Laura nodded, taking a moment to think. It was Nate who spoke instead, having had time himself to think it over.

“What about Theo Kelleigh or Matt Wendell?” he asked.

Andrew shook his head. “I haven’t heard of either of them,” he said.

“Yes, you have,” Maggie insisted. “Theo Kelleigh. I told you. He’s the one they all hate for buying up the little boats.”

“Oh,” Andrew said, shrugging. “Alright, I’ve heard of him, but I haven’t had any dealings with him. My business is inland. I don’t have anything to do with the harbor.”

“I’ve dealt with Kelleigh,” Alexis said. Her tone was quieter, as if she was remembering a bad time in the past. “I don’t anymore. As far as I know, he never had any connection to my sister beyond paying for a ticket to walk around the museum. No one around here has anything to do with him if they have any kind of choice.”

Laura looked at her notebook, hoping for some kind of inspiration. “What about the figurehead at the museum?” she asked. She kept her tone as careful as possible; she knew that talking about the place where they must have figured out by now their sister was hung would cause them emotional distress. But she needed to know. “Do you know why it was there, or what ship it came from?”

“That one I can answer,” Andrew said. “It’s our father’s.”

Laura blinked at him. “I’m sorry, what?”

“It was the hull of our father’s ship,” Andrew repeated, looking at her as though she was simple. “He was the last one in our family to work on the water. It was old even then. It had been handed down through generations and still worked better than most of the newer ships. But in the end, the costs rose too high to keep patching it up and maintaining it, and he couldn’t bring in as big a catch as the modern boats. He retired and donated it to the museum, and I guess they couldn’t figure out what to do with it, so they stuck it on the outside of the building.”

“Did he choose the museum because Alana was working there?” Laura wondered.

“No, this was when we were children,” Andrew said. “I think it’s the other way around.
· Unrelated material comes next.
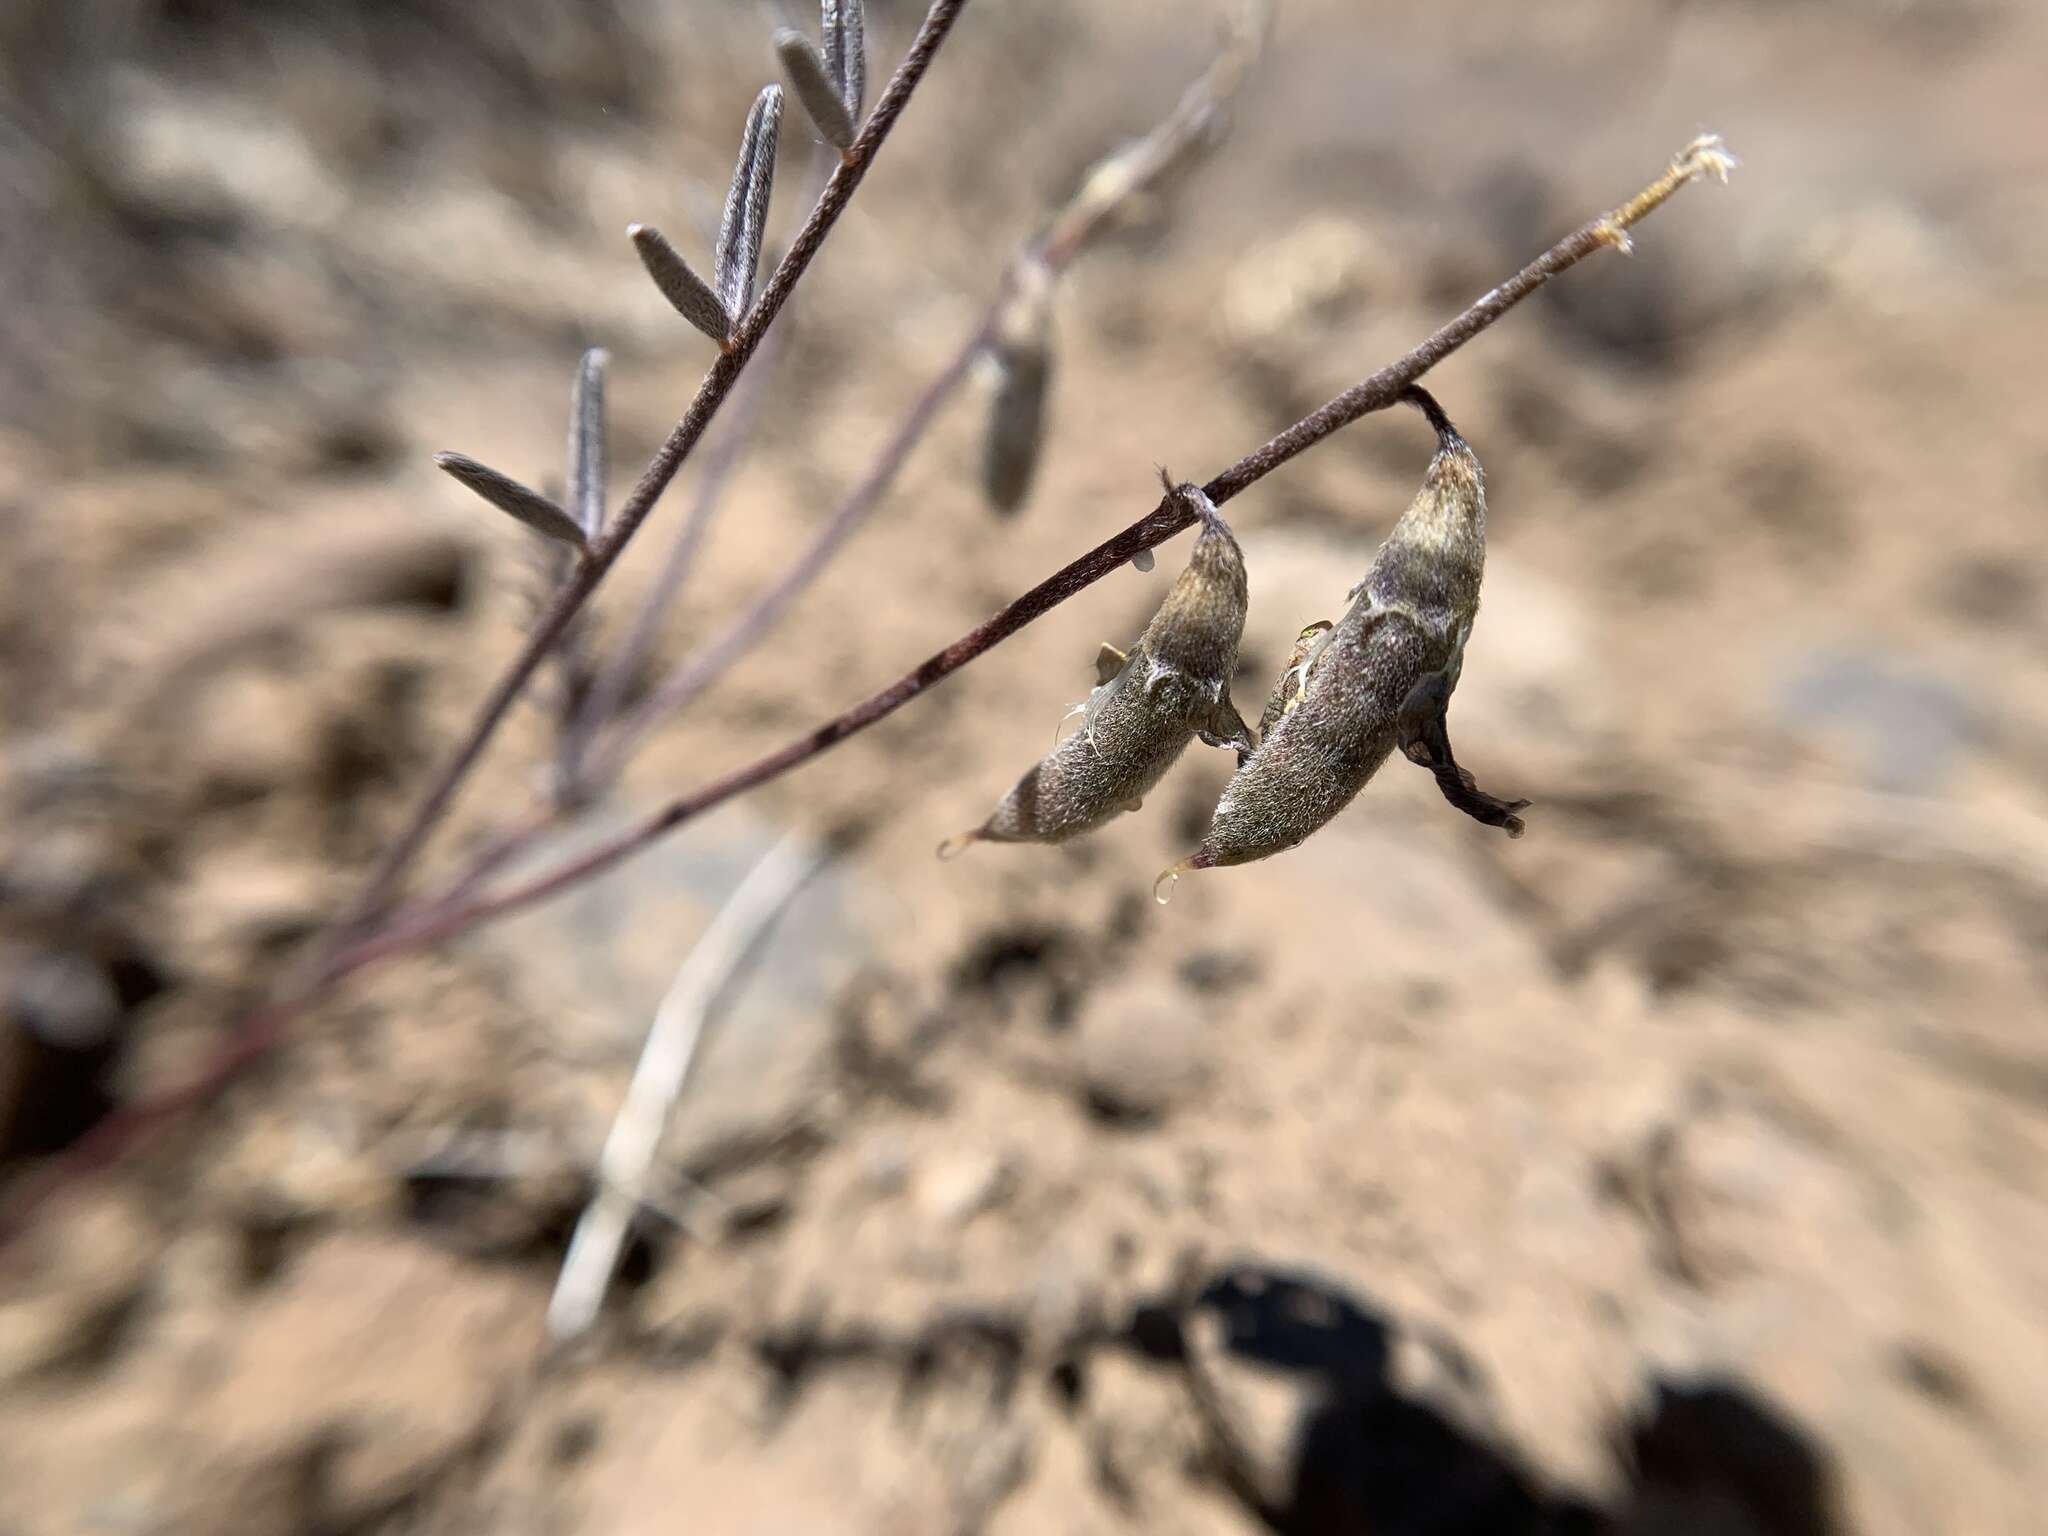 Imagem de Astragalus atratus var. mensanus M. E. Jones

She had an interest in working there because she wanted to remember him. He passed away about fifteen years ago.”

Laura nodded, but inside she was screaming. There was no connection, then, between Theo Kelleigh and the figurehead at the museum. No reason for the killer to target someone there if it was all about targeting him. If he didn’t even know this victim, either, then his whole connection to the case was gone.
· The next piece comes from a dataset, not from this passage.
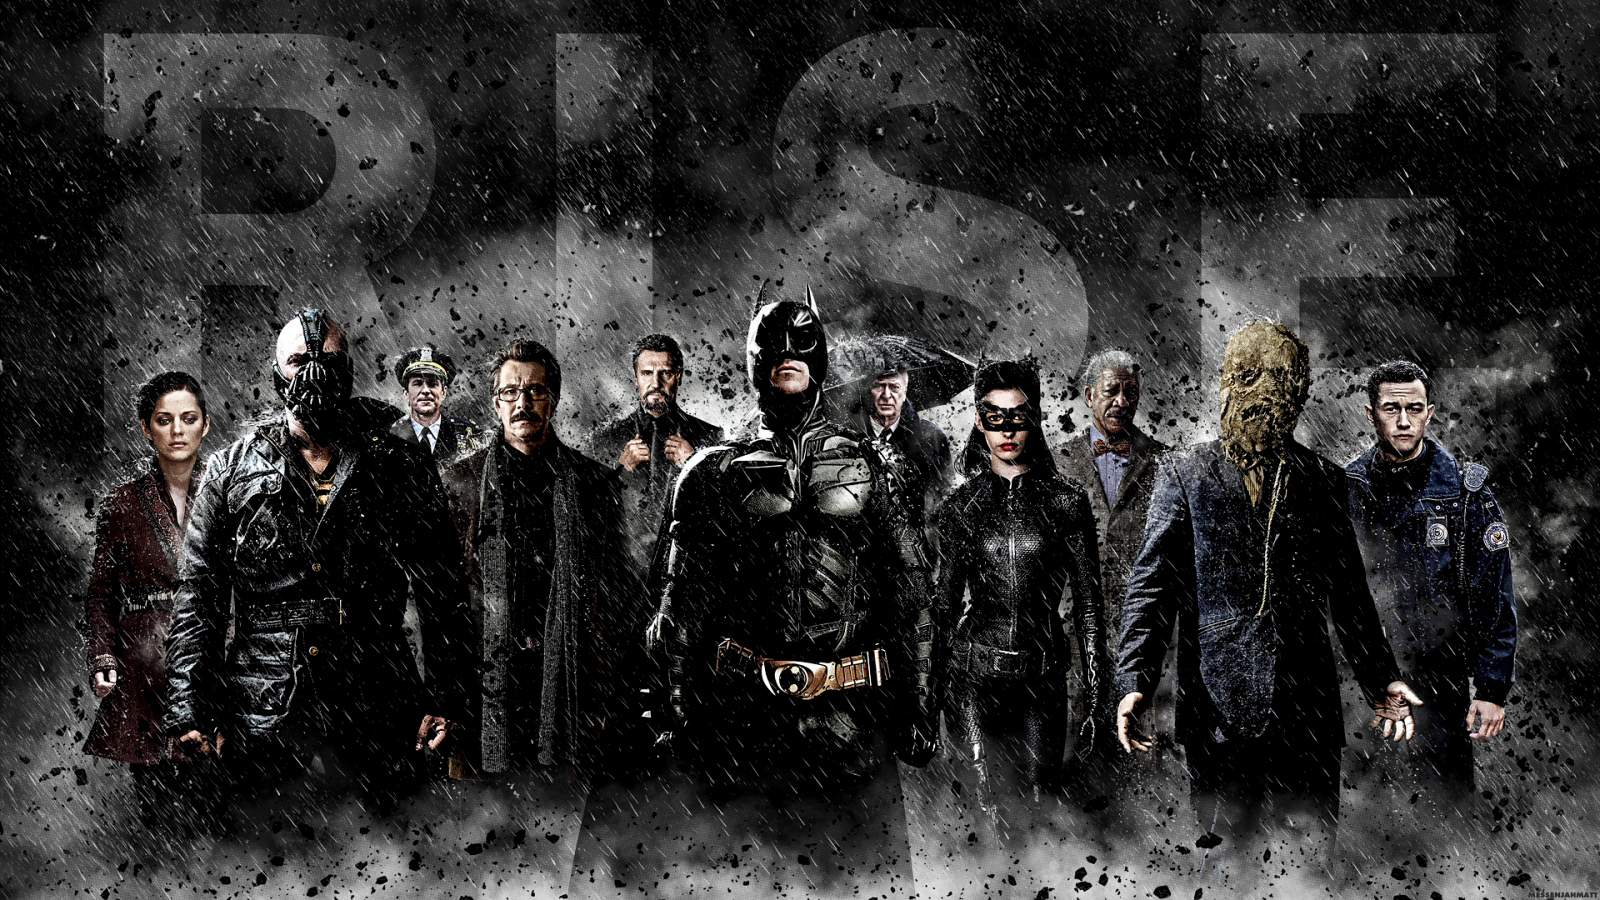 Batman The Dark Knight Rises 2012 HD Poster Wallpapers 1600x900

There was always the possibility that they were being deliberately thrown off the scent, but…

No, it felt like a genuine attack with all the hallmarks of the others. But without a connection, without a lead, they were almost back to exactly where they had been when they landed in Maine.

The door to the waiting room opened and Laura and Nate both instinctively stepped off to the side, allowing whoever it was to come in. It turned out to be the same doctor who had told Laura to get out of the room while he was treating Alana.

“Good,” he said, seeing them there. “I won’t have to say it twice. We’ve just finished the first stage of treating Miss Garland. I’m afraid I can’t say for sure yet what the outcome will be, but there is a flash of hope. She is alive. Now that we have her core body temperature up to a normal level, it’s down to how quickly her organs and her extremities recover.”